Directions ::
In the records below, find the line with "Hair By Maureen" and the line with "Delonghi safe heat". Print both exactly, along with every line between them, and no other line.
*** Available records ***
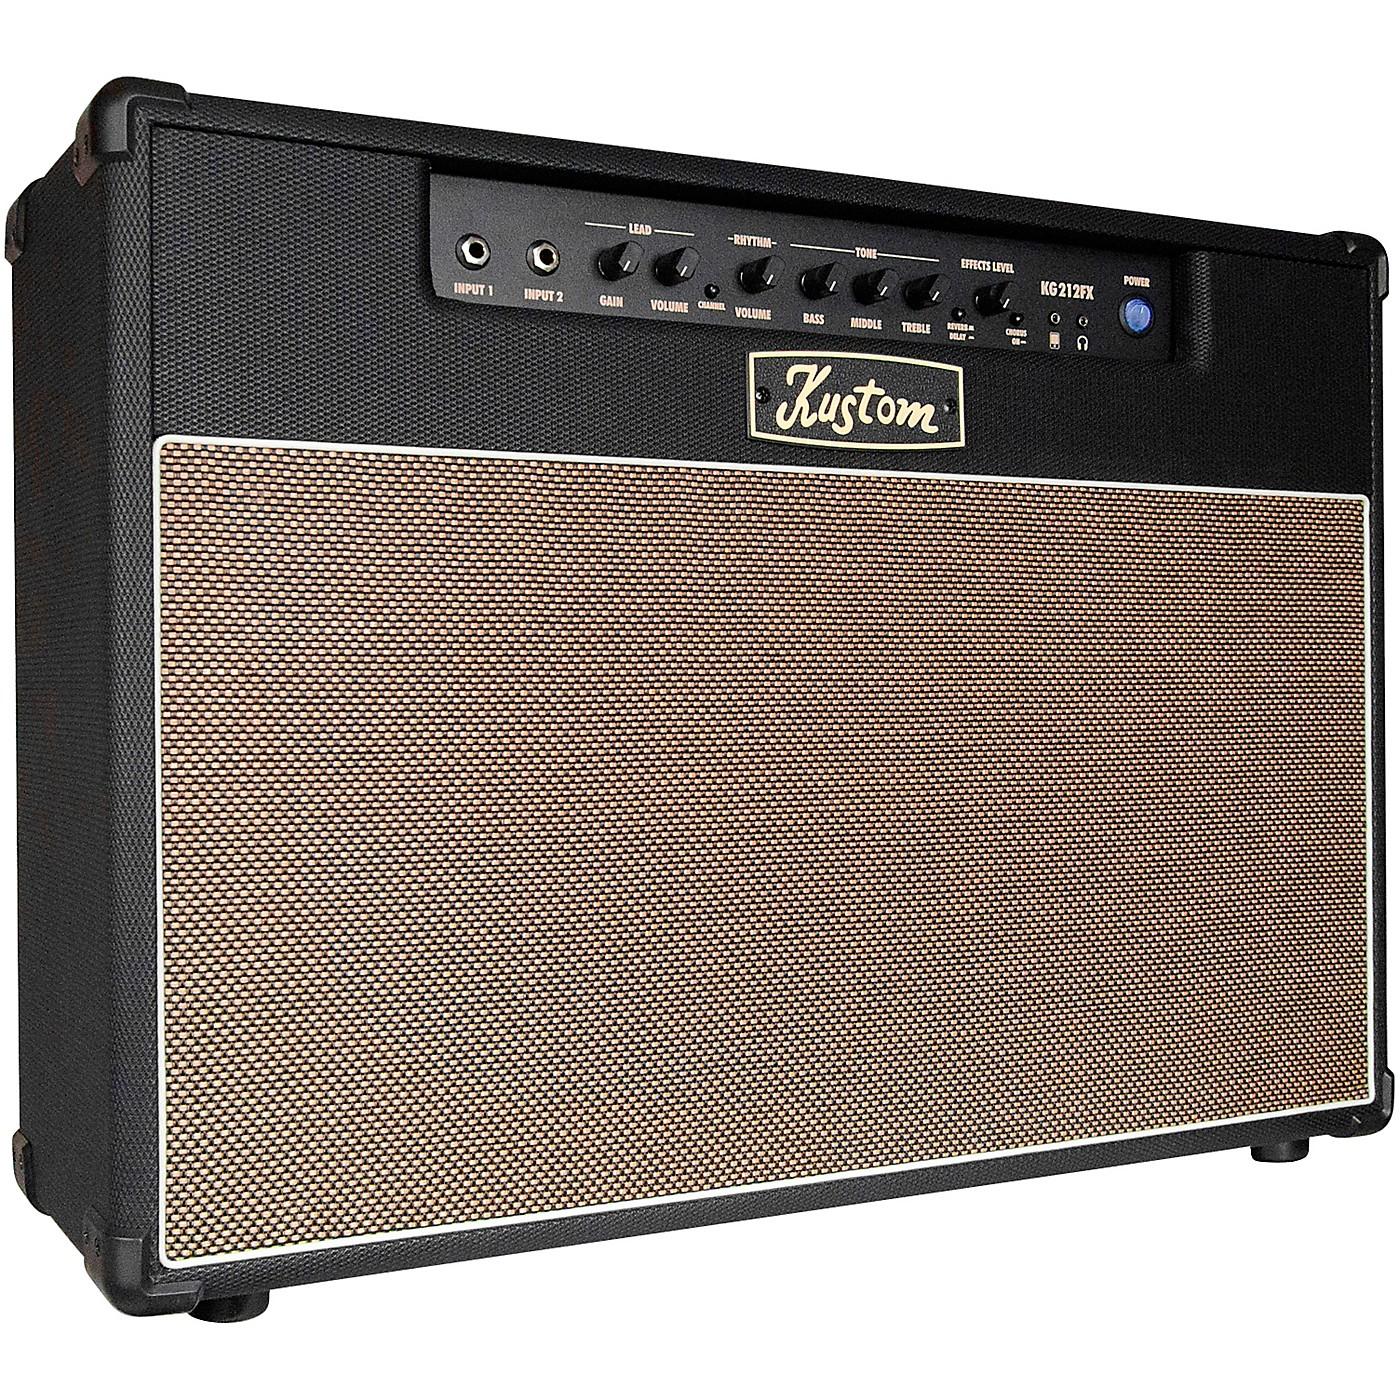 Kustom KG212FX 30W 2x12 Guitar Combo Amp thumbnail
*** End of Available records ***
*** Available records ***
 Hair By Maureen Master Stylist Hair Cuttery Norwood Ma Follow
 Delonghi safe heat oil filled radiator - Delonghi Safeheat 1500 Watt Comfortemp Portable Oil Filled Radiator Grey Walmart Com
*** End of Available records ***
Response ::
 Hair By Maureen Master Stylist Hair Cuttery Norwood Ma Follow
 Delonghi safe heat oil filled radiator - Delonghi Safeheat 1500 Watt Comfortemp Portable Oil Filled Radiator Grey Walmart Com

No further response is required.